The company does not expect to gain much from the standardization of AI technology and its current position is also favorable. Time will tell whether NVIDIA's offering will become so integral to data center operations that the first UALink products don't topple its crown.
SEE: Supercomputing '23: NVIDIA's high-performance chips power AI workloads
Amazon Web Services
AWS is the only one of the major public cloud providers not to join the UALink Promoter Group. Like NVIDIA, this could also be related to its influence as the current cloud market leader and the fact that it is working on its own accelerator chip families, such as Trainium and Inferentia. Furthermore, with a strong partnership of over 12 years, AWS could also lend itself to hiding behind NVIDIA in this area.
Why are open standards in AI necessary?
Open standards help prevent disproportionate dominance of the industry by one company that was in the right place at the right time. UALink Promoter Group will allow multiple companies to collaborate on essential hardware for AI data centers so that no one organization can take care of everything.
This is not the first case of this type of revolt in AI; In December, more than 50 organizations partnered to form the Global AI Alliance to promote responsible, open source AI and help prevent closed model developers from gaining too much power.
Knowledge sharing also serves to accelerate advances in AI performance on an industry-wide scale. Demand for AI computing is continually growing, and for technology companies to keep up, they need the best in scalability capabilities.

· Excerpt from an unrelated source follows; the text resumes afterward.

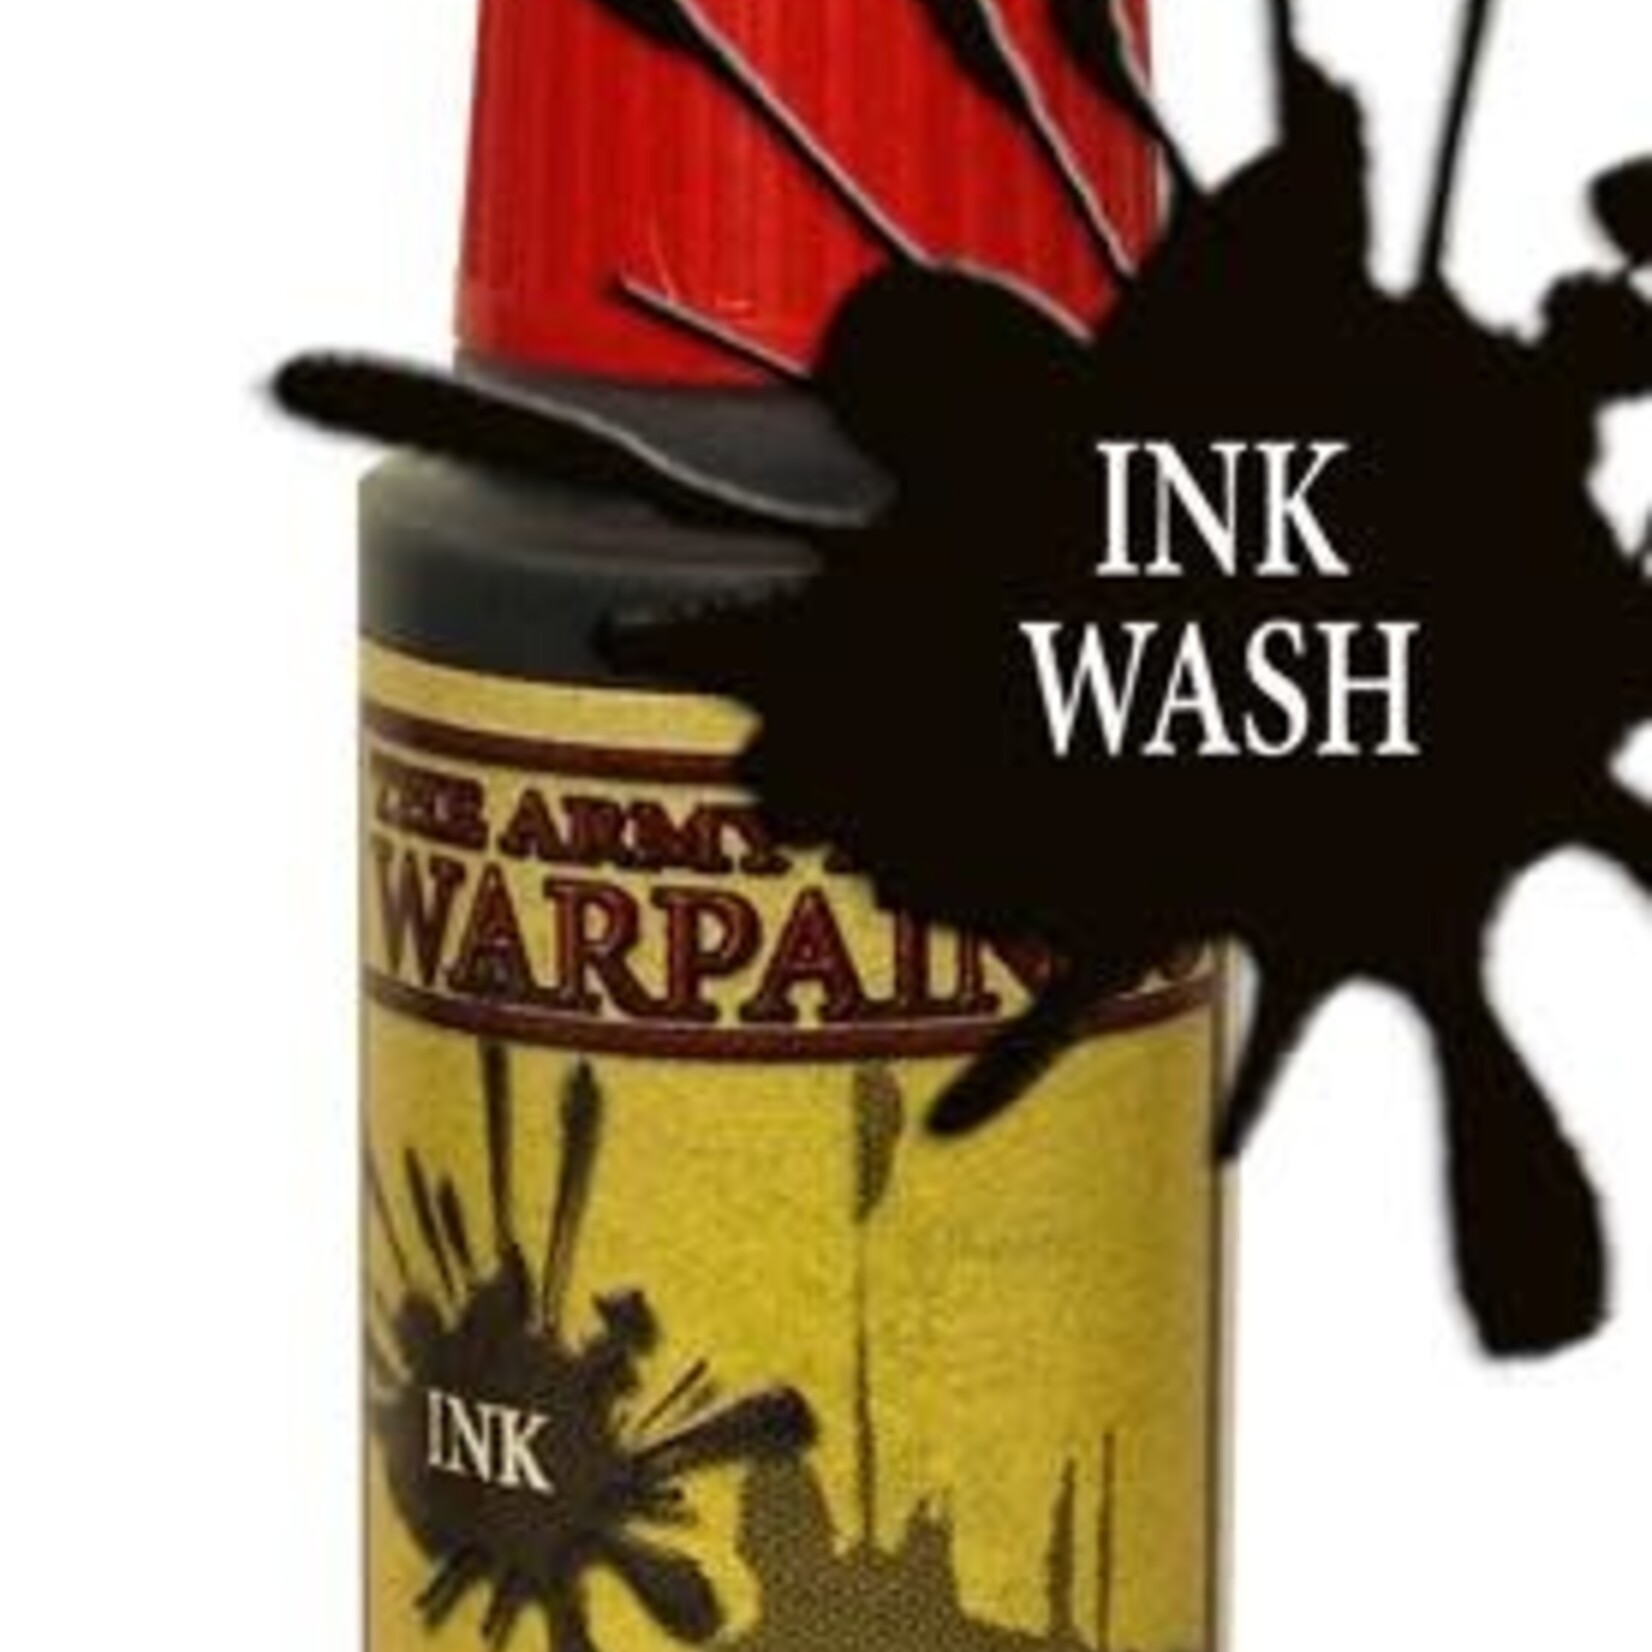 The Army Painter Warpaints Quick Shade: Dark Tone Ink 18ml

The UALink standard will provide a “robust, low-latency, and efficient scaling network that can easily aggregate computing resources to a single instance,” according to the group.
Forrest Norrod, executive vice president and general manager of AMD's Data Center Solutions Group, said in a press release: “The work companies are doing at UALink to create an open, high-performance and scalable accelerator fabric is critical. for the future. of AI.
“Together, we bring extensive experience in building large-scale artificial intelligence and high-performance computing solutions that are built on open standards, efficiency, and strong ecosystem support. “AMD is committed to contributing our expertise, technologies and capabilities to the group, as well as other open industry efforts to advance all aspects of AI technology and solidify an open AI ecosystem.”